Github For Mac Publish

Setup

Github publish website

GitHub CLI gh is GitHub on the command line. It brings pull requests, issues, and other GitHub concepts to the terminal next to where you are already working with git and your code. It is also possible to use SSH to connect to Git. To attempt to publish the app to Git, select the repository, and ensure that both Module Name and Message text fields are completed: Click Okay, and then Publish from the alert dialog. In the Git Credentials window, enter your GitHub.

Install Github Mac

Publish

Github Mac Desktop

Github awesome macGithub For Mac Publish

Github Publish Website

GitHub Extension for Visual Studio

The GitHub Extension for Visual Studio makes it easy to connect to and work with your repositories on GitHub and GitHub Enterprise from directly within Visual Studio 2015 or newer. Clone existing repositories or create new ones and start collaborating!
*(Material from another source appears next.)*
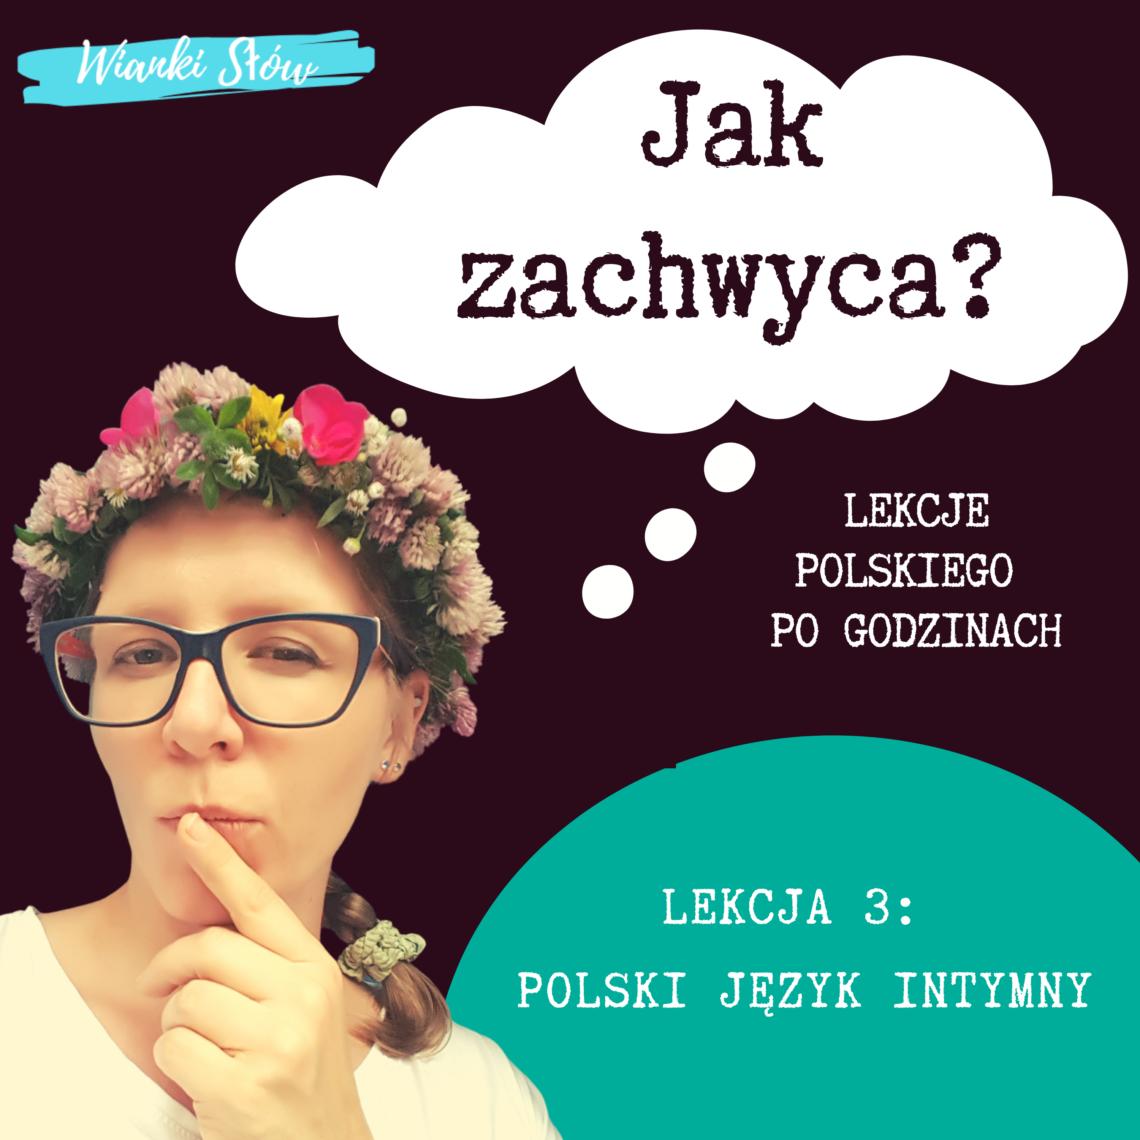 Lekcja3: Polski język intymny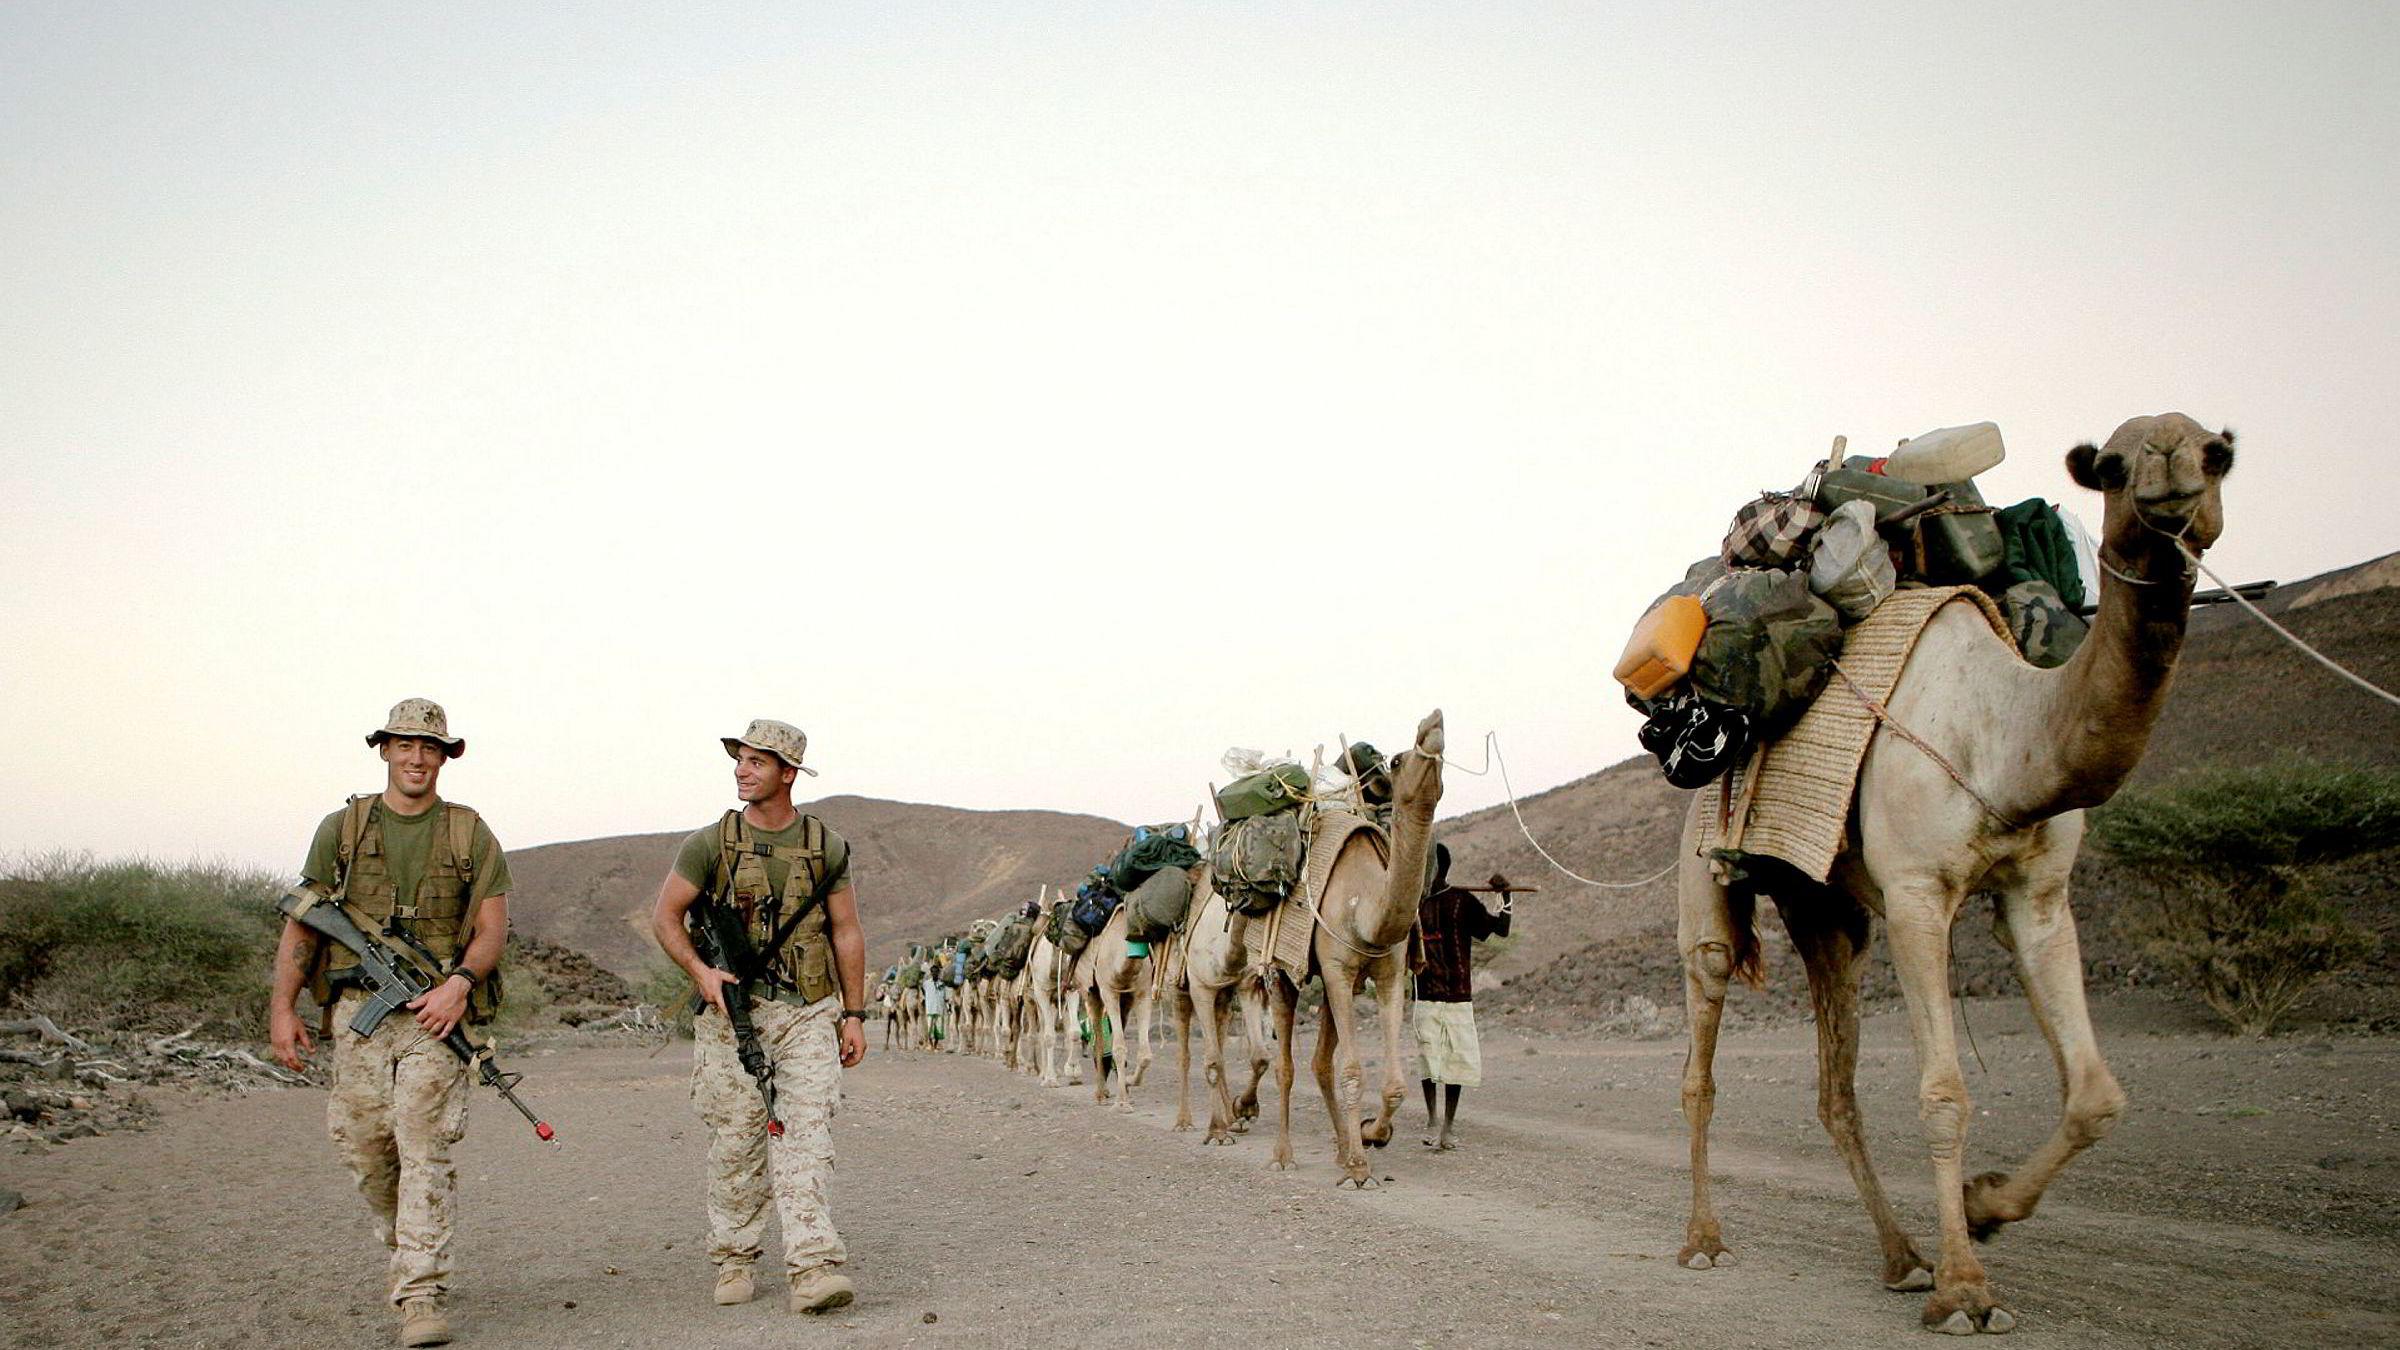 Noen av Djiboutis rundt 20.000 kameler bidrar til å dra lasset for stormaktene som har militærbase der. Her fra en amerikanskmilitærøvelse i ørkenlandet.

For more information about the extension, visit https://visualstudio.github.com/.

For feedback and bug reports, please email support@github.com.

Features

  1. Connect - From the Team Explorer section, click the Connect... button in the GitHub invitation section to login to the extension. The extension supports two-factor authentication (2fa) with GitHub and stores credentials in the Windows Credential store so that Git Operations within Visual Studio work with your GitHub repositories. The extension also supports logging into a GitHub Enterprise instance.
  2. Clone - Once connected, click on the Clone button to list all repositories that you have access to on GitHub.
  3. Create - The create dialog lets you create a repository on GitHub.com and locally that are connected together.
  4. Publish - For a local-only repository, click on the Sync navigation item to get the GitHub publish control. This make it quick to publish your local work up to GitHub.
  5. Open in Visual Studio - once you log-in with the extension, GitHub.com will show a new button next to repositories labeled 'Open in VisualStudio.' Click on the button to clone the repository to Visual Studio.
  6. Create Gist - Create gists by using the GitHub context menu when you right-click on selected text
  7. Open/Link to GitHub - Easily open on GitHub or share a link to the code you're working on by using the GitHub context menu.
  8. Pull Requests - View your repository's Pull Requests and create new ones from the Pull Requests button in the Team Explorer Home
  9. See Pull Request diffs - See all Pull Request changes as individual diff views and open changed files directly from the Pull Request details view
  10. Review Pull Requests - Start a review and submit a review that comments, approves, or request changes to the Pull Request
  11. Inline Comments - Add review comments to the Pull Request changes you're reviewing directly from the VS diff view
  12. Fork - From Team Explorer Home, fork a repository you have already cloned.